Second, we dissect the relative contribution of chronic TCR signaling versus the inflammatory milieu in driving epigenetic changes. Previous studies in both mice and humans have highlighted the potential role of chronic type I IFN signaling as well as the role of immunosuppressive cytokines such as IL-10 and TGF-b in the development of T cell exhaustion45–48. Separating direct cell-intrinsic effects in CD8+ T cells from indirect effects mediated by other populations remains a challenge in these studies. We resolve this by studying antigen-specific responses to acute and chronic viral infections within the same patient, thus controlling for microenvironment effects. We show that the epigenetic profile of effector-memory phenotype Flu-specific T cells and bulk effector memory populations in chronic infection are virtually indistinguishable from that of effector memory cells from healthy donors. Furthermore, we observe partial epigenetic remodeling within HCV-specific responses where viral epitope escape has abrogated specific TCR recognition, despite continued exposure to the inflammatory milieu.
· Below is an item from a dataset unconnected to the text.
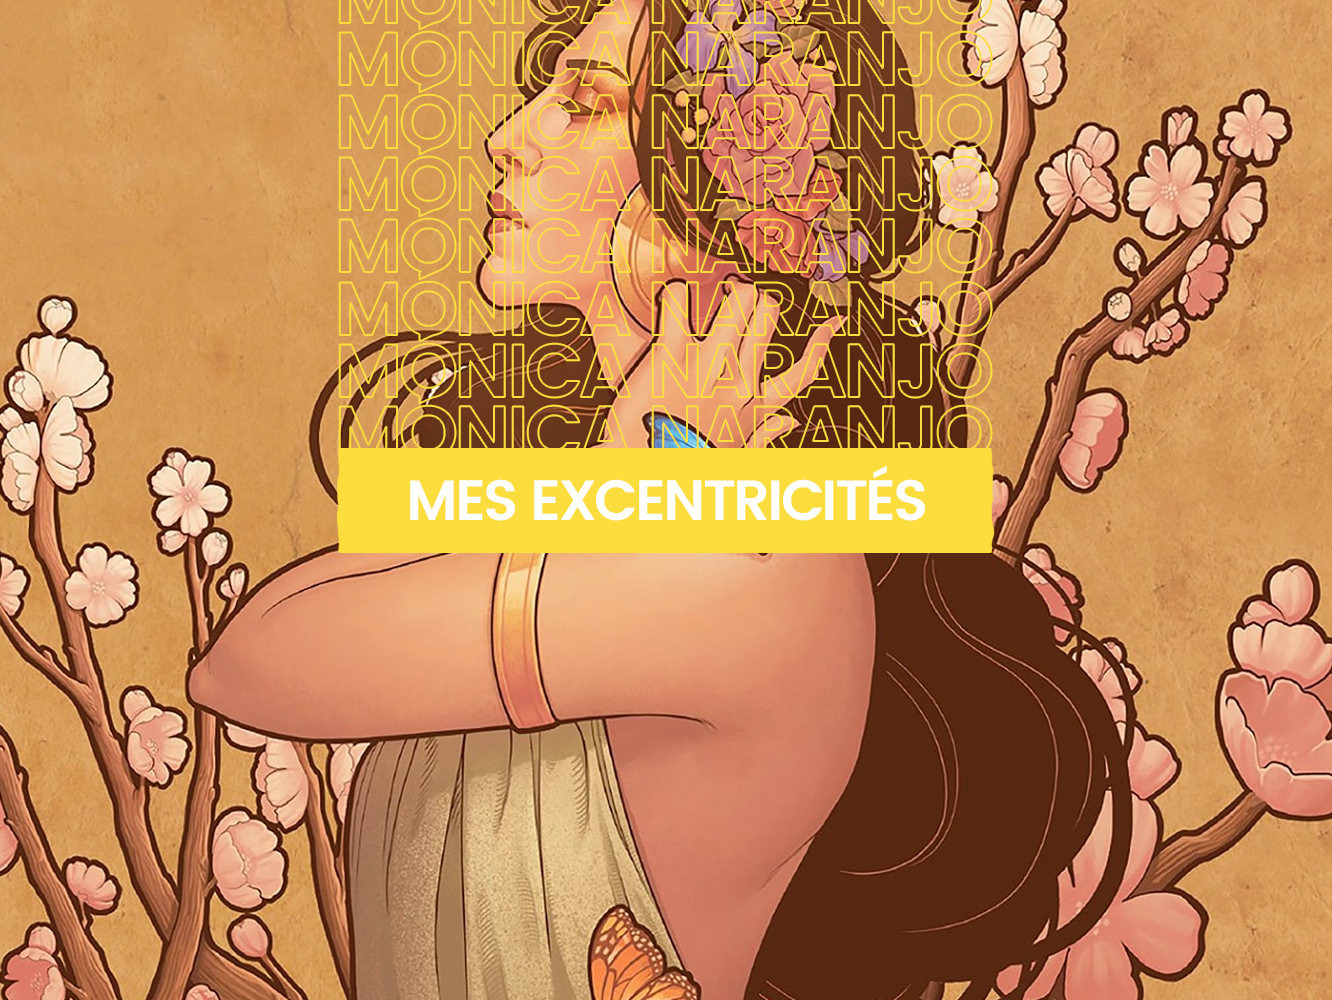  ‘Mes Excentricités Vol. 1 & 2’, Mónica Naranjo va a por todas, dispare a donde dispare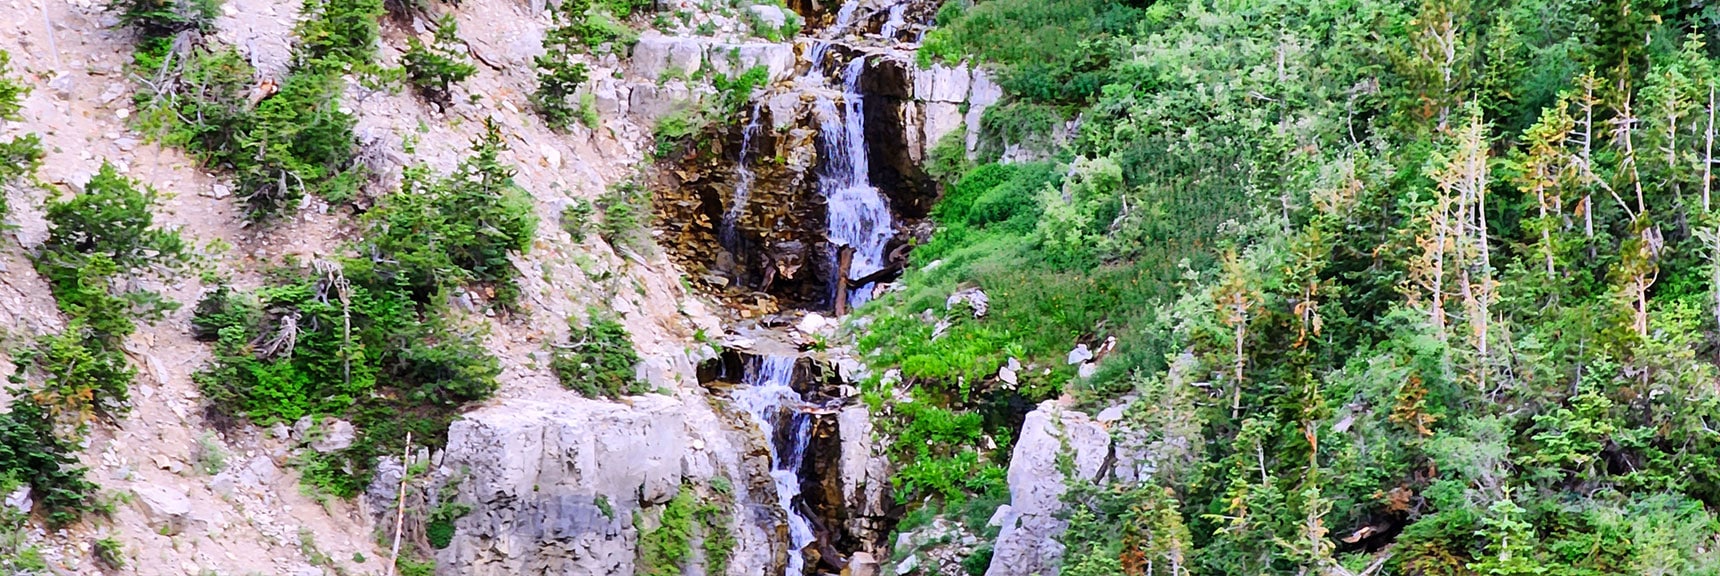 Closer, the Plunging Waterfalls are Huge! | Fletcher Canyon Trailhead to Harris Mountain Summit to Griffith Peak Summit Circuit Adventure | Mt. Charleston Wilderness, Nevada

These data suggest that chronic TCR signaling, rather than the inflammatory microenvironment, is largely responsible for inducing epigenetic changes associated with T cell exhaustion.
Third, we find only limited remodeling of the epigenetic landscape after cure of infection, suggesting that the exhausted T cell state cannot be fully reversed with DAA treatment. Indeed, epigenetic scars are preserved for over a year after termination of viremia and removal of chronic antigen. Scarred regions are enriched for disease-associated SNPs relative to reversed regions following DAA therapy, suggesting they may have a greater regulatory role in mediating continued impairment of HCV-specific responses. Epigenetic scars include super-enhancer elements near critical exhaustion-associated transcription factors such as TOX and HIF1α, which may provide positive feedback to maintain the state of exhaustion. Consistent with this, we observe persistent high expression of genes neighboring not just scarred, but also reversed ChARs, after DAA-therapy. Further study is required to assess whether epigenetic scars are maintained indefinitely, and how their persistence could be impacted by shifts in subpopulations of exhausted T cells.
There are several other limitations to our current study. First, the lack of epigenetic remodeling within bystander populations in chronic HCV might not be generalizable to other diseases like HIV. Second, the degree of epigenetic changes may be related to priming, or the amount of re-activation experienced by bystander T cells in chronic contexts, and therefore Flu-specific responses, which are often generated early in life, may be relatively shielded. Due to limited sample size, we are currently unable to resolve whether differences in the amount of epigenetic scarring observed between conserved and escaped HCV-specific responses could be partially driven by epitope-specific differences. Finally, CD8+ T cell populations in the peripheral blood compartment may not perfectly reflect those found in the liver in chronic HCV infection49. Nevertheless, our data is consistent with studies showing that chronic TCR signaling is necessary and sufficient to induce molecular, transcriptional and epigenetic changes of exhaustion in human T cells activated in vitro50. The critical regulatory impact of retained epigenetic scars may underlie emerging evidence that HCV-specific cells isolated post-cure produce less IFN-γ and TNF relative to functional Flu-specific memory cells21,22. These findings are also consistent with studies showing limited CD8+ T cell reactivity to HIV antigens51, and continued demethylation at the PD-1 locus52, after successful anti-retroviral therapy (ART). Thus, continued dysfunction of exhausted CD8+ T cells even after removal of antigen might be mediated by inflexibility at the epigenetic level.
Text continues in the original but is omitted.